Provided information
·····

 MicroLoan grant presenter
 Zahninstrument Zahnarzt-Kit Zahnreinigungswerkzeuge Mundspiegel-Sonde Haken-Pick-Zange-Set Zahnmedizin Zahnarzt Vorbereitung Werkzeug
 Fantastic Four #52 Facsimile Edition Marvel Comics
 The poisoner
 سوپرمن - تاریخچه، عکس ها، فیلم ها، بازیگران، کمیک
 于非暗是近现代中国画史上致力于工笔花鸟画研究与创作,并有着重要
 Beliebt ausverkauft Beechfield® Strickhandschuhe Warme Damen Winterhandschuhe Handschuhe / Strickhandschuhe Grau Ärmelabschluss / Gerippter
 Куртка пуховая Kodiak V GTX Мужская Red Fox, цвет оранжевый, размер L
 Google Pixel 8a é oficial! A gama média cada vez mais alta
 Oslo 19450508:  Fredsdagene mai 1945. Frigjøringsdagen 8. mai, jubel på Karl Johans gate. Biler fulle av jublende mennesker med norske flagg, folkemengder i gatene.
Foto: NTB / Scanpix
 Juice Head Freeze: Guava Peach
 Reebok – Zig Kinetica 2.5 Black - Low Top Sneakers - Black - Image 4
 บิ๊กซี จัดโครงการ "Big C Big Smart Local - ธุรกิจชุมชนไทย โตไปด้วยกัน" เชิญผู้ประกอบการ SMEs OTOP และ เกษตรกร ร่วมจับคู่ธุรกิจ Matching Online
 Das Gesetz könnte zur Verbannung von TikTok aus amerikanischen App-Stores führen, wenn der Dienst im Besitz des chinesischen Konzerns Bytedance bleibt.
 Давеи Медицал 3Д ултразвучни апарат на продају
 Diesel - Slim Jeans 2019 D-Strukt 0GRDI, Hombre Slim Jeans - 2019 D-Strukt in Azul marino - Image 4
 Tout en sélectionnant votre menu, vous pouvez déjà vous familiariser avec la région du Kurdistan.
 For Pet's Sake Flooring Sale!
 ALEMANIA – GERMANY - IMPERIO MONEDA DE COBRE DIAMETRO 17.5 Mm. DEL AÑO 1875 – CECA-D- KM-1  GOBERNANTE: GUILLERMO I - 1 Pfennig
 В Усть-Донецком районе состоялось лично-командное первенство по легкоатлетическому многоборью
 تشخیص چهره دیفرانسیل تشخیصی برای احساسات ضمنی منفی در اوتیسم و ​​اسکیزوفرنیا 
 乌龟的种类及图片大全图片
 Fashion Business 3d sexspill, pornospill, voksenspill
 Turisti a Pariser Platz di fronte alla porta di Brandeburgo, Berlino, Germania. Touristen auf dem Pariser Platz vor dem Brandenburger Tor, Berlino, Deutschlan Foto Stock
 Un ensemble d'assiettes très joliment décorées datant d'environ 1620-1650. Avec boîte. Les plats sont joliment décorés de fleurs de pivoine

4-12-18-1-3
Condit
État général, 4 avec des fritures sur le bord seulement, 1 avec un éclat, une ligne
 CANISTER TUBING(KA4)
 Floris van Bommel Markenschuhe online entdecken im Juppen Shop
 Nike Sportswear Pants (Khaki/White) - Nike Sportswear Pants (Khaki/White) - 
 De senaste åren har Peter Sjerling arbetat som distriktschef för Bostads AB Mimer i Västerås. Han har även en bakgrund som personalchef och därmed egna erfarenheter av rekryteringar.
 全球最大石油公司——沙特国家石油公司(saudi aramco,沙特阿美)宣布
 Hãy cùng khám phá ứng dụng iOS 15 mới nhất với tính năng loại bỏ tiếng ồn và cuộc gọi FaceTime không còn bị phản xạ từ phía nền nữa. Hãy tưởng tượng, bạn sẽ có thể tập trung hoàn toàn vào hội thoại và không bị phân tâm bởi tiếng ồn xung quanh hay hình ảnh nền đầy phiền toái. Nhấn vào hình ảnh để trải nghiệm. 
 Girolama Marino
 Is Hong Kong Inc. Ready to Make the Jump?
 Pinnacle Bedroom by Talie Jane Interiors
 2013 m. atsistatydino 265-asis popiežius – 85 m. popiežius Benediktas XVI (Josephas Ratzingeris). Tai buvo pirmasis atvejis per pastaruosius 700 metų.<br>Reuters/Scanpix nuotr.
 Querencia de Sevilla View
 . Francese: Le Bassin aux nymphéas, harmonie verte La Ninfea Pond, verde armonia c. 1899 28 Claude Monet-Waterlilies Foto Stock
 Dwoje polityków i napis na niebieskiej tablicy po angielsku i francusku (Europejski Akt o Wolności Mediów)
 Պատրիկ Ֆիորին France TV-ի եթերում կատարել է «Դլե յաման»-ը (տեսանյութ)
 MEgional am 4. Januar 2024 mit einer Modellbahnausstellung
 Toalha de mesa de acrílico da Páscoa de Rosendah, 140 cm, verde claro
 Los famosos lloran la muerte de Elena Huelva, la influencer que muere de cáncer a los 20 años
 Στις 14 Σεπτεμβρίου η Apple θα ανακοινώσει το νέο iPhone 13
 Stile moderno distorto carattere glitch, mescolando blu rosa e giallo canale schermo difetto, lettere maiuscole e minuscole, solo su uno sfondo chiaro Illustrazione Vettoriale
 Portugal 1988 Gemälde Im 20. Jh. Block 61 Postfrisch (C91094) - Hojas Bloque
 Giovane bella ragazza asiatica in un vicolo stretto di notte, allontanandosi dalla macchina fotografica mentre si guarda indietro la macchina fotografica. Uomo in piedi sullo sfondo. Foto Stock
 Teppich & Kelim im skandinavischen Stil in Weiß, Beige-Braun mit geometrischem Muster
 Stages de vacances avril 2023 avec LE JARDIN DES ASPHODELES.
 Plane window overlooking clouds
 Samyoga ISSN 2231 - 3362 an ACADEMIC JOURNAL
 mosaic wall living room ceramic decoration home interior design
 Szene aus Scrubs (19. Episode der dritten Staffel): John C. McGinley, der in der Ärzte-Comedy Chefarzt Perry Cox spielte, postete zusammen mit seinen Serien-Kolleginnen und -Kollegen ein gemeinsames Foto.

·····

The task
The answer is the lines above between the line holding "Nike Sportswear Pants (Khaki/White) - Nike" and the line holding "Is Hong Kong Inc. Ready to Make the Jump?", inclusive, each written out exactly, and no others.

Answer section
 Nike Sportswear Pants (Khaki/White) - Nike Sportswear Pants (Khaki/White) - 
 De senaste åren har Peter Sjerling arbetat som distriktschef för Bostads AB Mimer i Västerås. Han har även en bakgrund som personalchef och därmed egna erfarenheter av rekryteringar.
 全球最大石油公司——沙特国家石油公司(saudi aramco,沙特阿美)宣布
 Hãy cùng khám phá ứng dụng iOS 15 mới nhất với tính năng loại bỏ tiếng ồn và cuộc gọi FaceTime không còn bị phản xạ từ phía nền nữa. Hãy tưởng tượng, bạn sẽ có thể tập trung hoàn toàn vào hội thoại và không bị phân tâm bởi tiếng ồn xung quanh hay hình ảnh nền đầy phiền toái. Nhấn vào hình ảnh để trải nghiệm. 
 Girolama Marino
 Is Hong Kong Inc. Ready to Make the Jump?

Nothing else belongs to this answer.